The most exciting thing about this world is its ever changing quality.

Friday, October 16, 2009

Incompetence

Peter's principle says, in a hierarchically structured organisation, everyone will eventually be working in their level of incompetence. The reason behind is simple - promotion as reward will encourage people who has well or out performed in their current roles to new ones where they will not be familiar nor comfortable.

Scott Adam coined Dilbert's principle, in which he explains that companies tend to systematically promote least competent employee to management - to limit the amount of damage they will be capable of doing. Sounds much more fun, huh? By intentionally, Dilbert thinks the upper layers of an organisation is of no or little relevance to the productivity, which in fact is mostly achieved by the 'blue-collar' workers.

In a world where efficiency, contribution, competence are valuable attributes we are looking for in employee, how could management have been given such a bad name?

Let's see who are the managers first. Mainly there are two groups concerned. First group consists of those who have sweat and bleed on the front line enough to impress the boss and been rewarded with a manager's hat. Most of them have or had solid hands on engineering skills and confident in their interpretation and judgement over technicality of the future problems, with which they are about to be tested on regular basis. In the second group, we have people who have been given the benefit of the doubt for their background. Unfortunately, the size of this group is surprisingly and unfortunately large.

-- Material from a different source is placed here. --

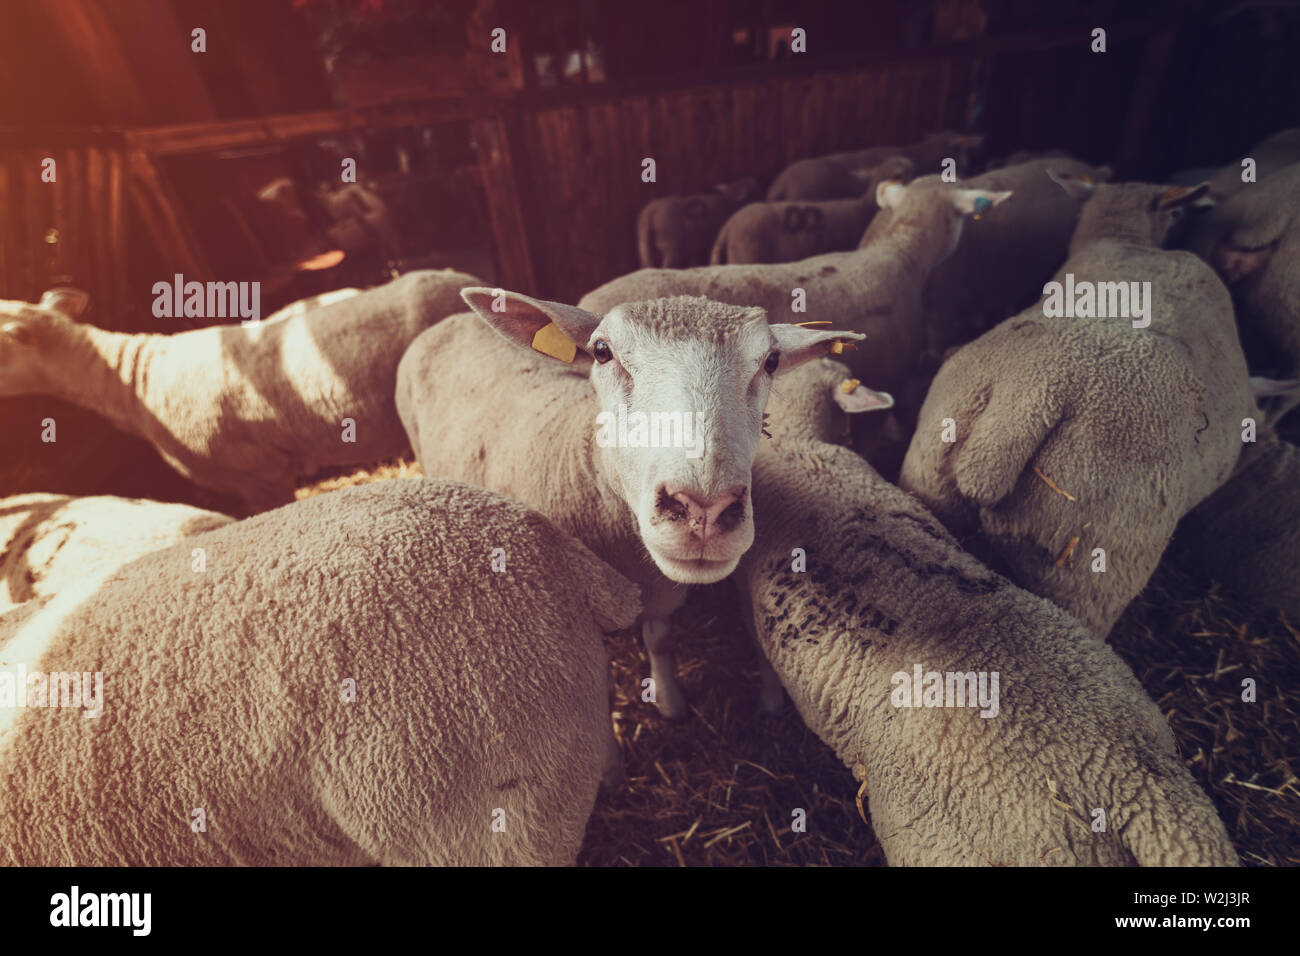 Ile de France sheep flock in pen on livestock farm, domestic animals husbandry concept Stock Photo

For folks who have finally fought their ways through to manager's position, it is a strange, exciting, and unease situation to be. Suddenly it seems there are way too many technical morons around you, rather than you have to sharpen your head like a nut to get boss's attention back in your engineer days; also, you feel privileged that finally you can fix all the stupid calls your boss have made in the past because he seemed to know nothing about nothing. After a while, you realise this is a completely different game - your superior technical strength will not help you surf through the tangled political mine field; your sharpness has been considered by your peers as arrogance and difficult to communicate; you have kissed good bye to the luck of having concentrated 42 minutes on one particular problem without being distracted; you also start to realise you have no fricking clue what is going on in your boss's mind or does he have one as there is just so little quantitative measurable around here.; finally, damn it, "I have missed my morning coffee again!". Being an exceptional engineer doesn't automatically qualify you to manage. If the reason you have been given the management responsibility is entirely based on the fact you appeared to have outperform in your last role, I can tell you now, it was the wrong decision. You have now been officially pushed into a strange land, to which you may not have any real interests at all. At the bottom of your heart, you are probably screaming every morning, "fuck that, I just want to hack!".

Right, now to the bad side, for those have developed their career by avoiding risks and responsibilities as much as possible but somehow able to sneak their way through step by step. How to identify these people? Easy enough, lines they tend to use a lot is, "yes, I have done exactly same thing before". Then when you ask just a little bit more, he will starts to wave the flags to get out of the confrontation as quick as possible with line like "I don't want to hang up on the details on this for too long". I guess Dilbert is right after all, for group B, the best thing to do is to keep them in the management position, of course if your company can afford it, that way at least he will cause no direct damage to whatever it is you are trying to achieve, hopefully.